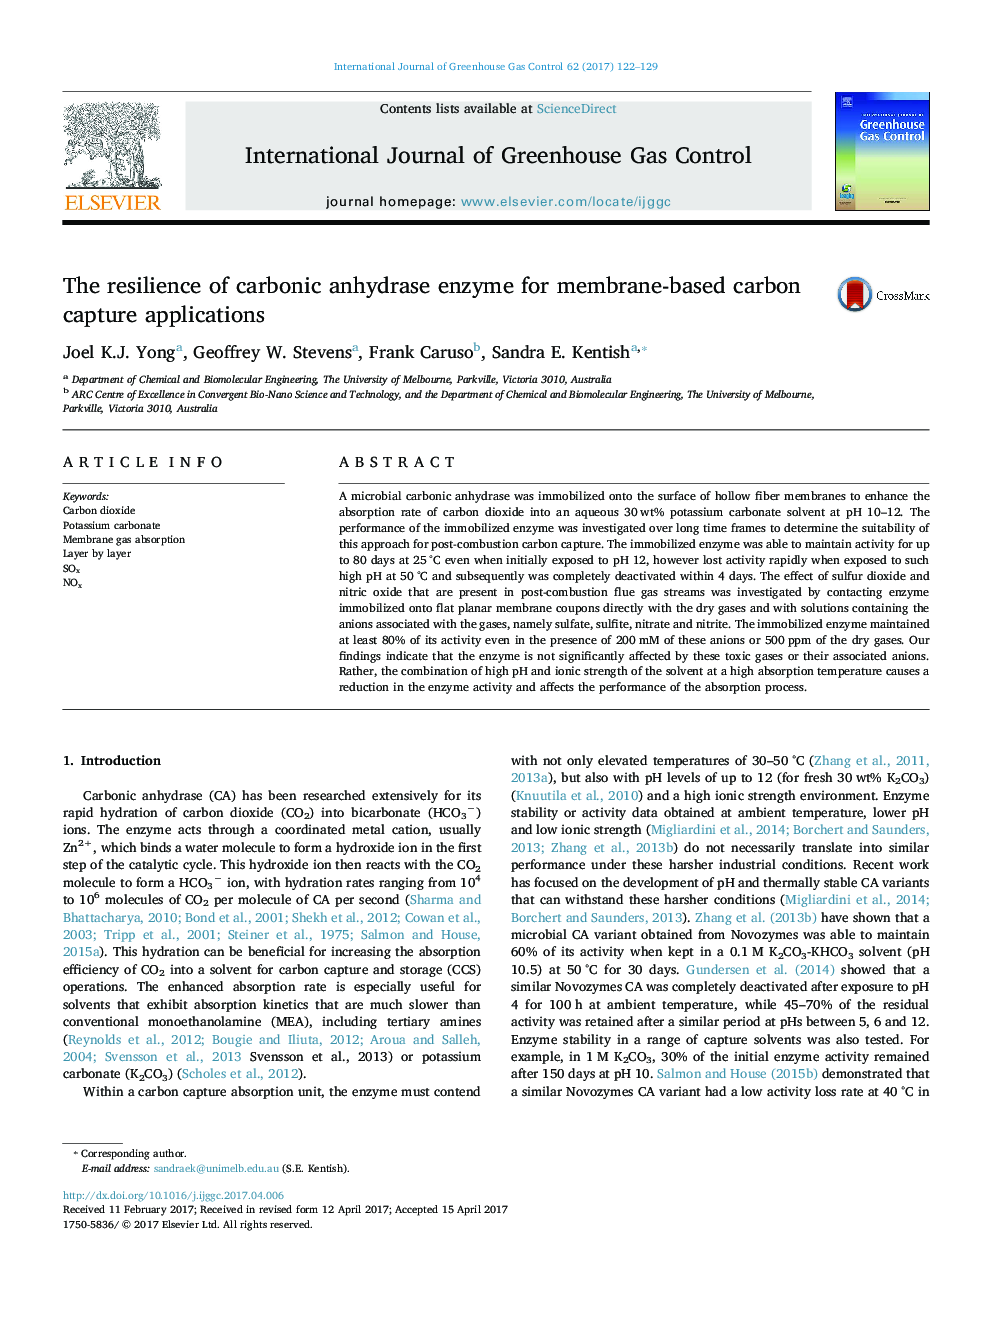 انعطاف پذیری آنزیم کربنیک آنهیداز برای کاربردهای جذب کربن بر اساس غشا 
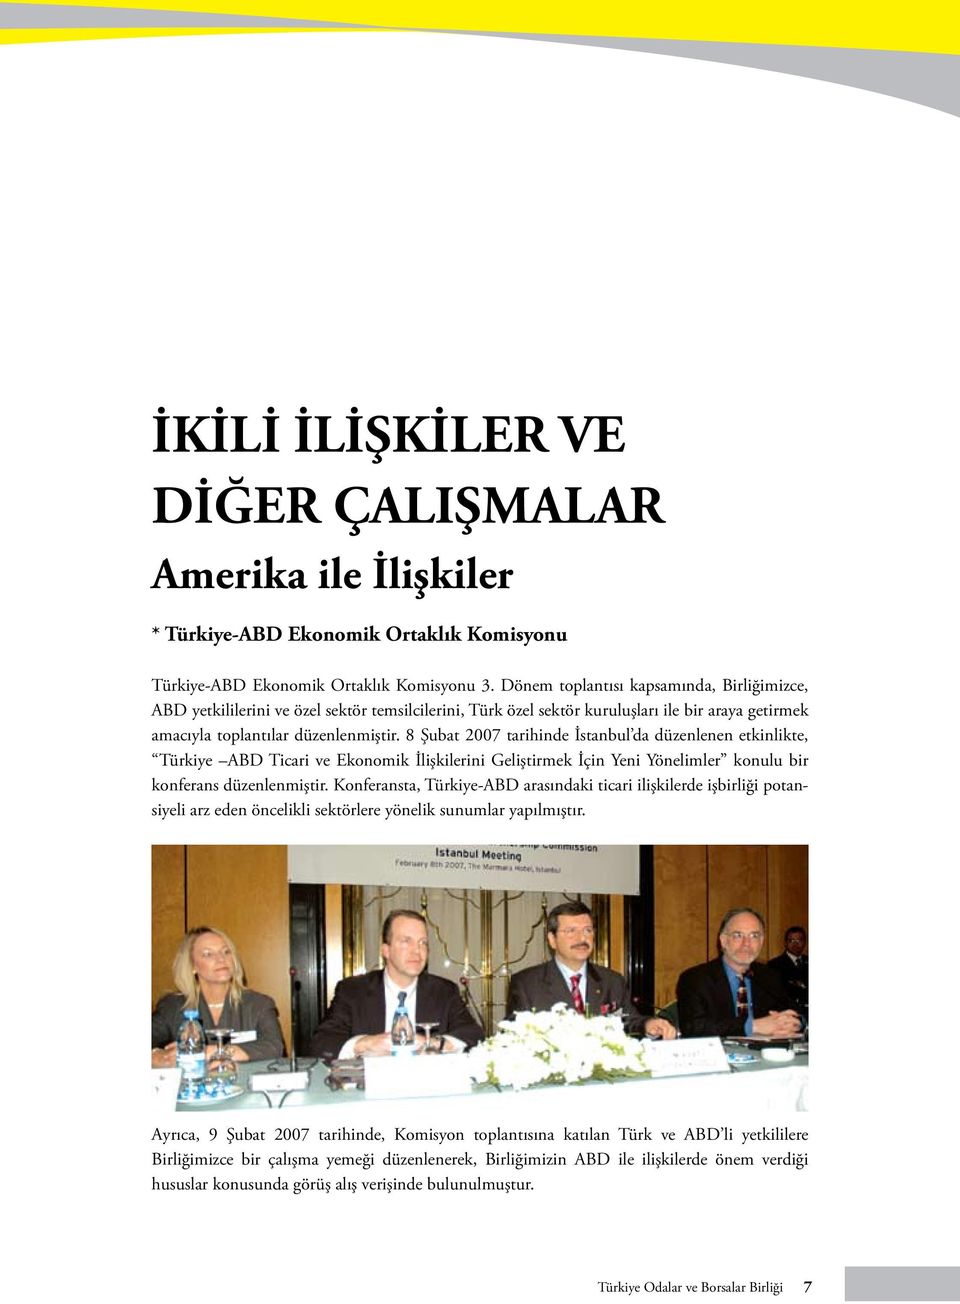 8 Şubat 2007 tarihinde İstanbul da düzenlenen etkinlikte, Türkiye ABD Ticari ve Ekonomik İlişkilerini Geliştirmek İçin Yeni Yönelimler konulu bir konferans düzenlenmiştir.
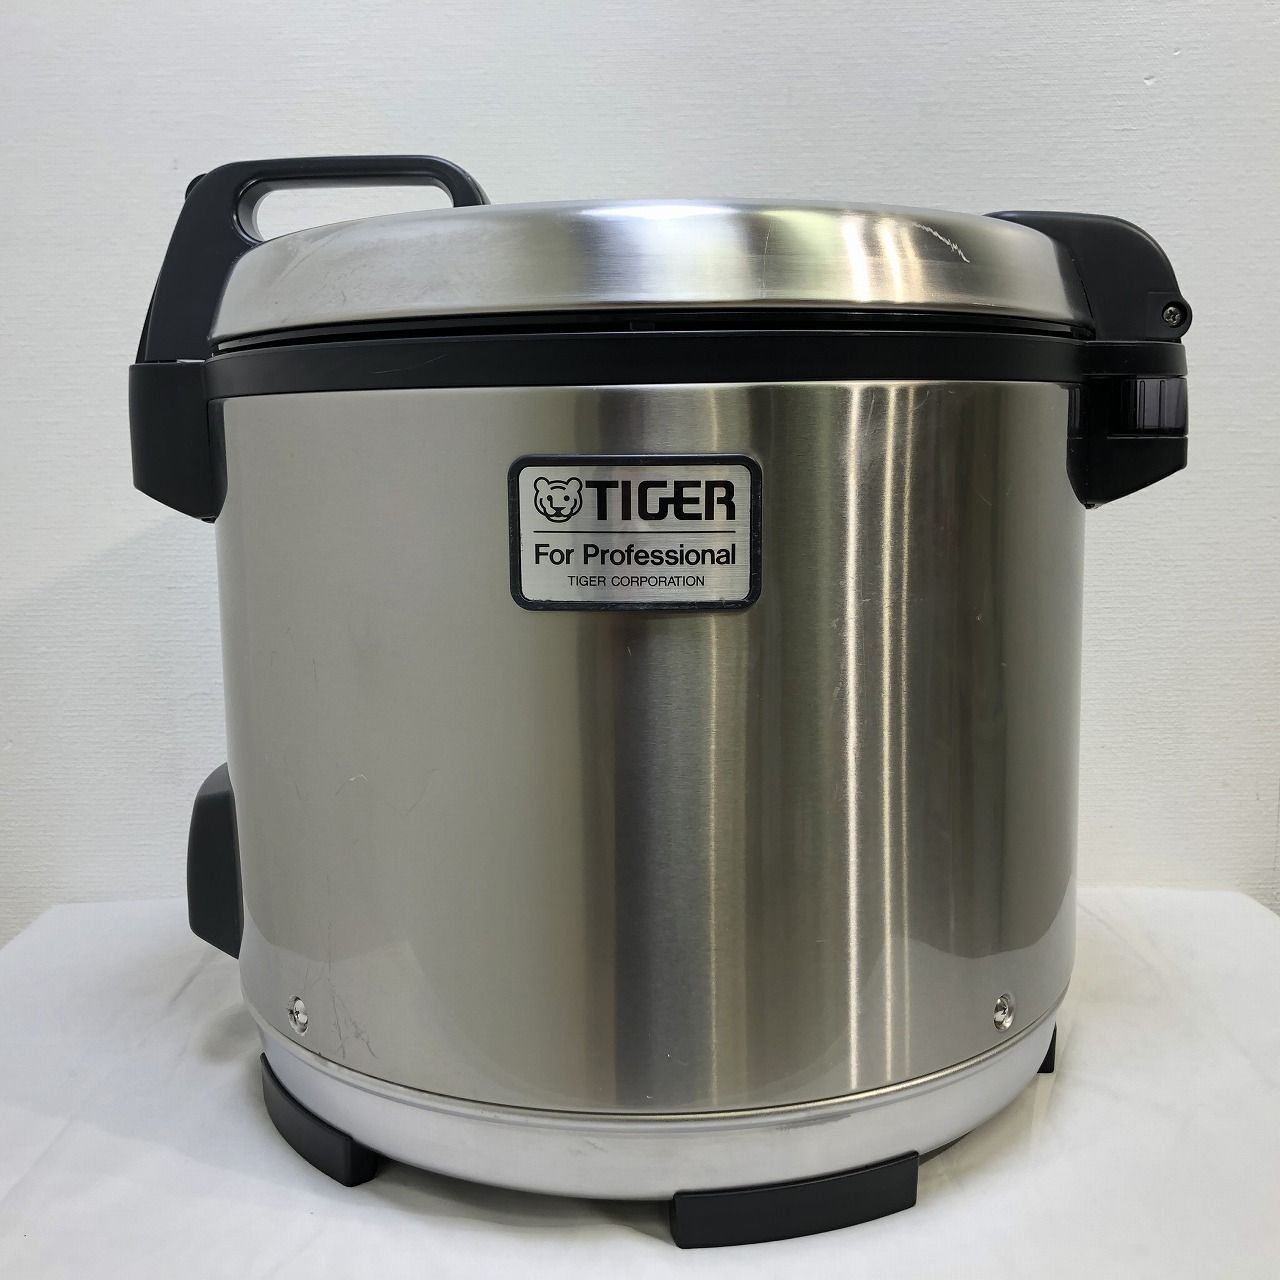 TIGER タイガー 業務用ジャー炊飯器 【炊きたて】 2升炊き JNO-A360 F 再良市場 メルカリ

TASK TO CARRY OUT = Only the pictures are to be left out; copy all the remaining material above exactly.

EXPECTED ANSWER =
 انعطاف پذیری آنزیم کربنیک آنهیداز برای کاربردهای جذب کربن بر اساس غشا 
 8 Şubat 2007 tarihinde İstanbul da düzenlenen etkinlikte, Türkiye ABD Ticari ve Ekonomik İlişkilerini Geliştirmek İçin Yeni Yönelimler konulu bir konferans düzenlenmiştir.
 TIGER タイガー 業務用ジャー炊飯器 【炊きたて】 2升炊き JNO-A360 F 再良市場 メルカリ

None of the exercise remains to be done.